Non vorrei che dietro questo approccio vi fosse l’intento di disintermediare il ruolo del professionista. Di fronte a tale scenario, sarà sempre più necessario puntare sull’aggregazione professionale per rafforzare la nostra posizione. I dati dimostrano chiaramente che lavorare in forma aggregata comporta vantaggi in termini di fatturato. Tuttavia, questa strada sembra spesso essere lasciata esclusivamente all’iniziativa dei singoli, senza un reale sostegno istituzionale.

Per quanto riguarda l’avanzata delle nuove tecnologie e l’integrazione dell’intelligenza artificiale nelle professioni, è evidente che ci troviamo di fronte a uno ‘tsunami’ tecnologico al quale non si può opporre resistenza. È più utile coglierne gli indubbi vantaggi, come il risparmio di tempo in molte attività operative. Ciò detto – ha concluso Pagliuca -, il ruolo dei professionisti rimane imprescindibile, anche per la gestione dei nuovi sistemi tecnologici. Dobbiamo acquisire una crescente familiarità con questi strumenti, ma continueremo a essere il fulcro del processo decisionale e operativo”

Nel corso del Cnpr Forum, condotto da Anna Maria Belforte, è stata effettuata un’analisi sulla tassazione a carico degli enti previdenziali professionali da parte di Paolo Longoni (consigliere dell’Istituto Nazionale Esperti Contabili): “Un aspetto delicato riguarda il trattamento fiscale dei redditi delle Casse di previdenza. Due sono i punti critici: Le fatturazioni interne tra professionisti o tra professionisti e Stp, che subiscono un doppio assoggettamento al contributo integrativo del 4%.

La doppia tassazione dei rendimenti: le ‘Casse’ pagano un’imposta sostitutiva dell’Ires al 26% sui redditi generati dal patrimonio e, successivamente, le pensioni erogate sono nuovamente sottoposte a imposizione fiscale. Molti Paesi europei non applicano questo regime penalizzante, ed è necessario che anche l’Italia si adegui.

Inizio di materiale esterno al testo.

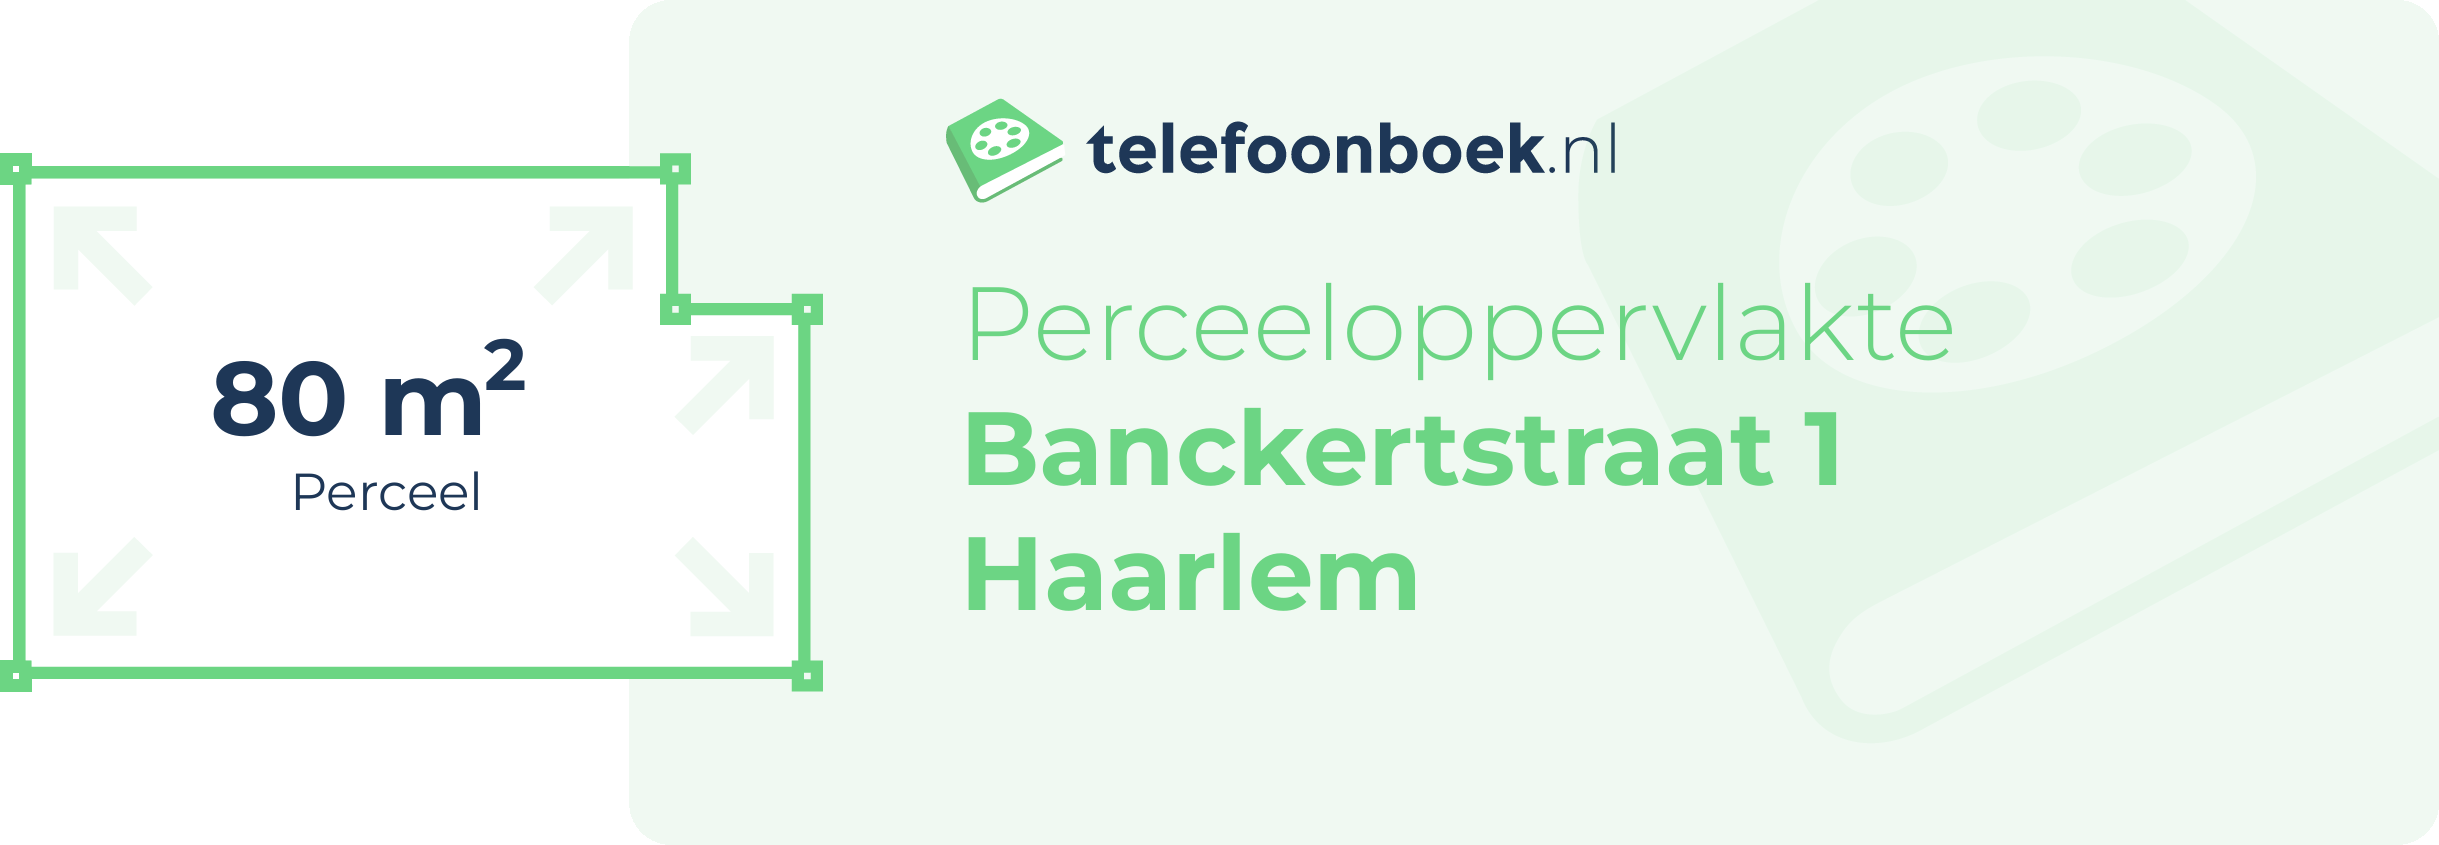 Perceeloppervlakte Banckertstraat 1 Haarlem

Infine – ribadisce Longoni -, va affrontata la questione dell’aliquota sugli investimenti. Pur essendo enti di diritto privato con funzioni pubbliche, le Casse di previdenza, sottoposte ai controlli dei Ministeri del Lavoro e delle Finanze, pagano un’imposta del 26% sugli investimenti. Al contrario, i fondi pensione, gestiti da banche o assicurazioni, sono tassati al 20%. Un paradosso evidente che necessita di una correzione urgente”.